Hank's Balanced Salt Solution

  • Advantages:

    • Complete healing after 6 and 12 hours

    • Good for extended periods (72 and 96 hours)

  • pH and Osmolality:

    • Properly maintains root health


Recommended Storage Media Summary

  1. Immediate replantation in the socket

  2. Cell culture medium (0.9% Sodium Chloride Irrigation)

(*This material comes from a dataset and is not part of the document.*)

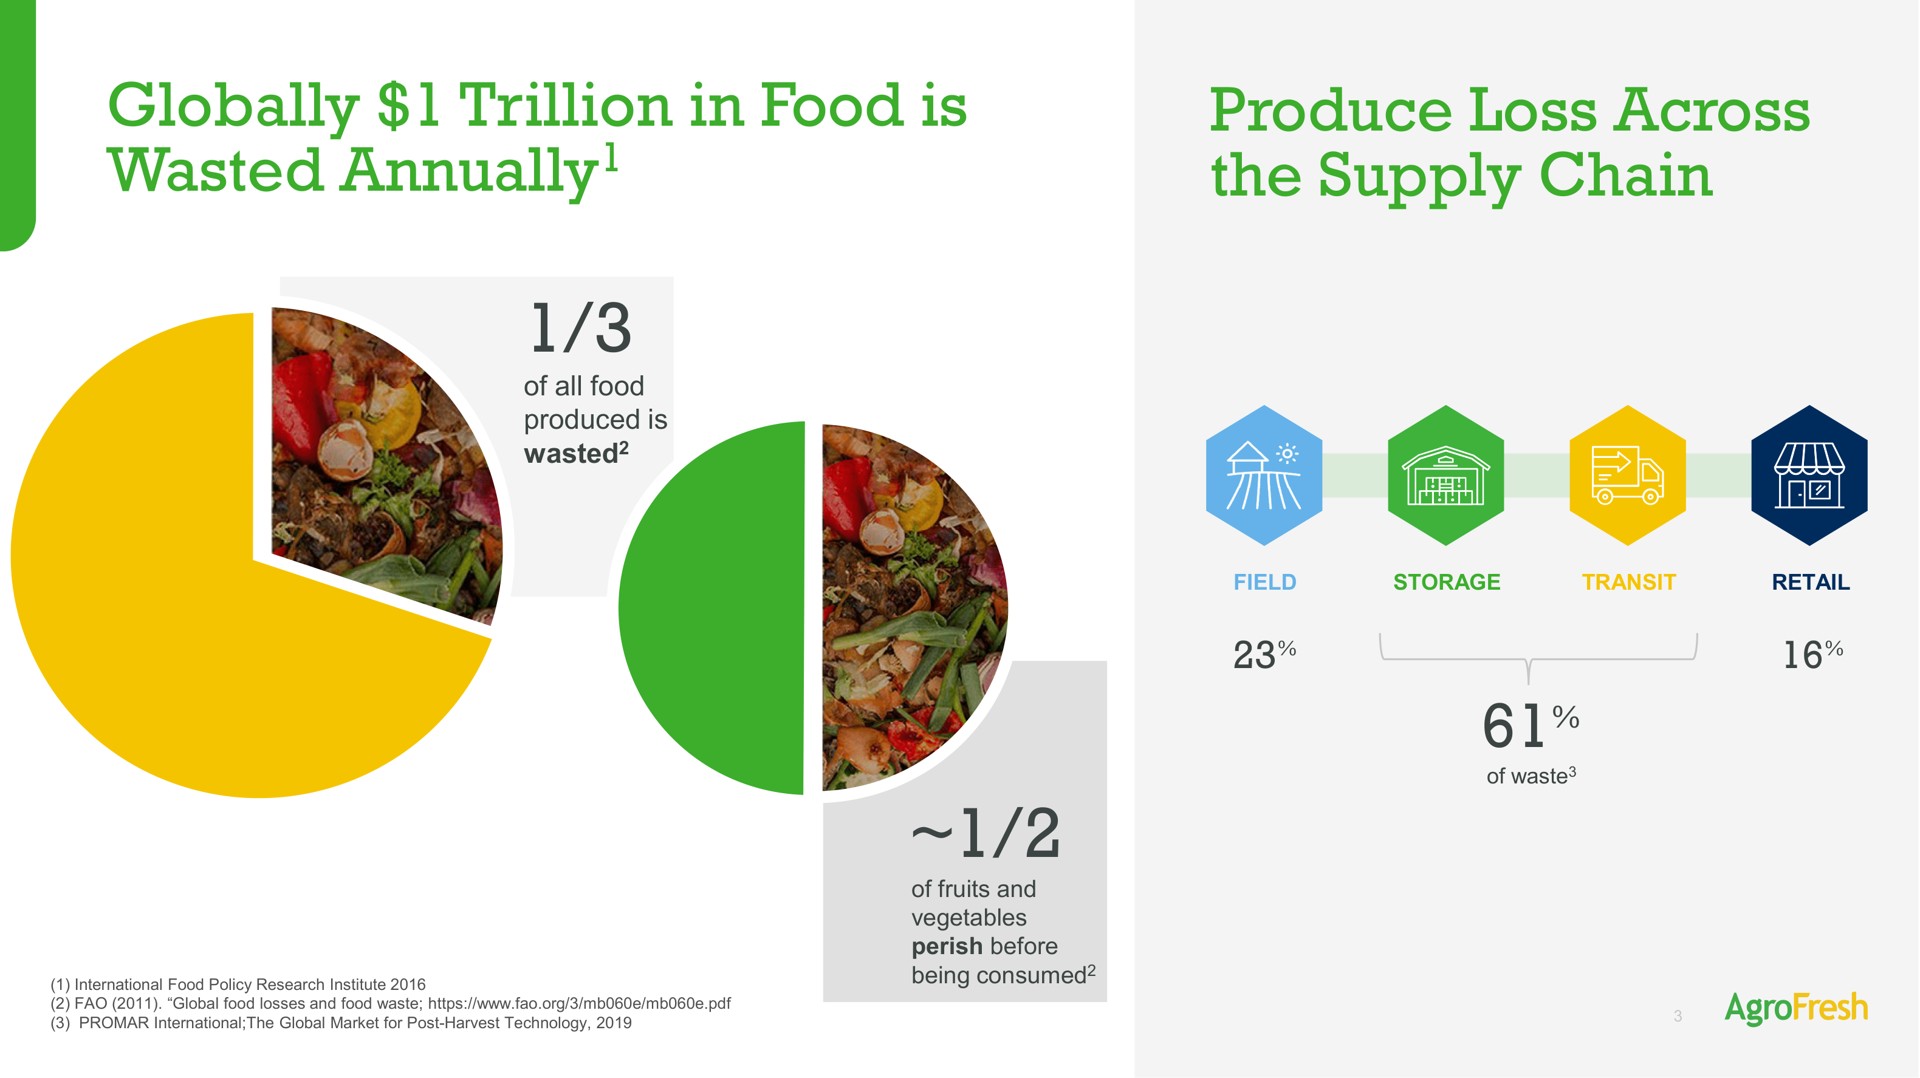 globally trillion in food is wasted annually produce loss across the supply chain annually | AgroFresh

  3. Milk (VITAMIN A & D low-fat)

  4. Physiologic saline

  5. Saliva


Root Surface Manipulation Guidelines

  • PDL Cell Viability:

    • Preserve by avoiding curetting and caustic chemicals

  • Extraoral Dry Time:

    • < 1 hour: PDL healing is still possible

    • 1 hour: Loss of PDL viability


Socket Management Steps

  • Remove contaminated coagulum

  • Irrigate with sterile saline

  • Assess for fractional sockets and reposition as necessary


Stabilization Techniques

  • Multiple Types of Splints:

    • Acid etch composite

    • Flexible splints using fishing line, wire

    • Rigid composite splints

    • Cross-suture splints for cases with no adjacent teeth


Endodontic Rationale for Pulp Management

  • Focus on maintaining healthy pulp conditions:

    • Acknowledge the time of storage, maturity of the root, and any possible treatments needed post-replantation


Follow-up Considerations for Avulsed Teeth

  • Symptoms to monitor:

    • Pain and infection post-treatment

    • Pulp vitality assessments

  • Regular follow up:

    • Early monitoring of tooth stability and overall health


Emergency Treatment Recommendations

  • Understand emergency protocols for different scenarios based on extraoral dry times and maturity of tooth apex

  • Antibiotic Recommendations:

    • Doxycycline for individuals above 12 years

    • Amoxicillin for individuals under 12 years


Final Summary

  • Be prepared with a Dental Trauma Kit

  • Use physiologic storage media for the delayed treatment of avulsed teeth

  • Follow American Association of Endodontists (AAE) guidelines for all treatment protocols.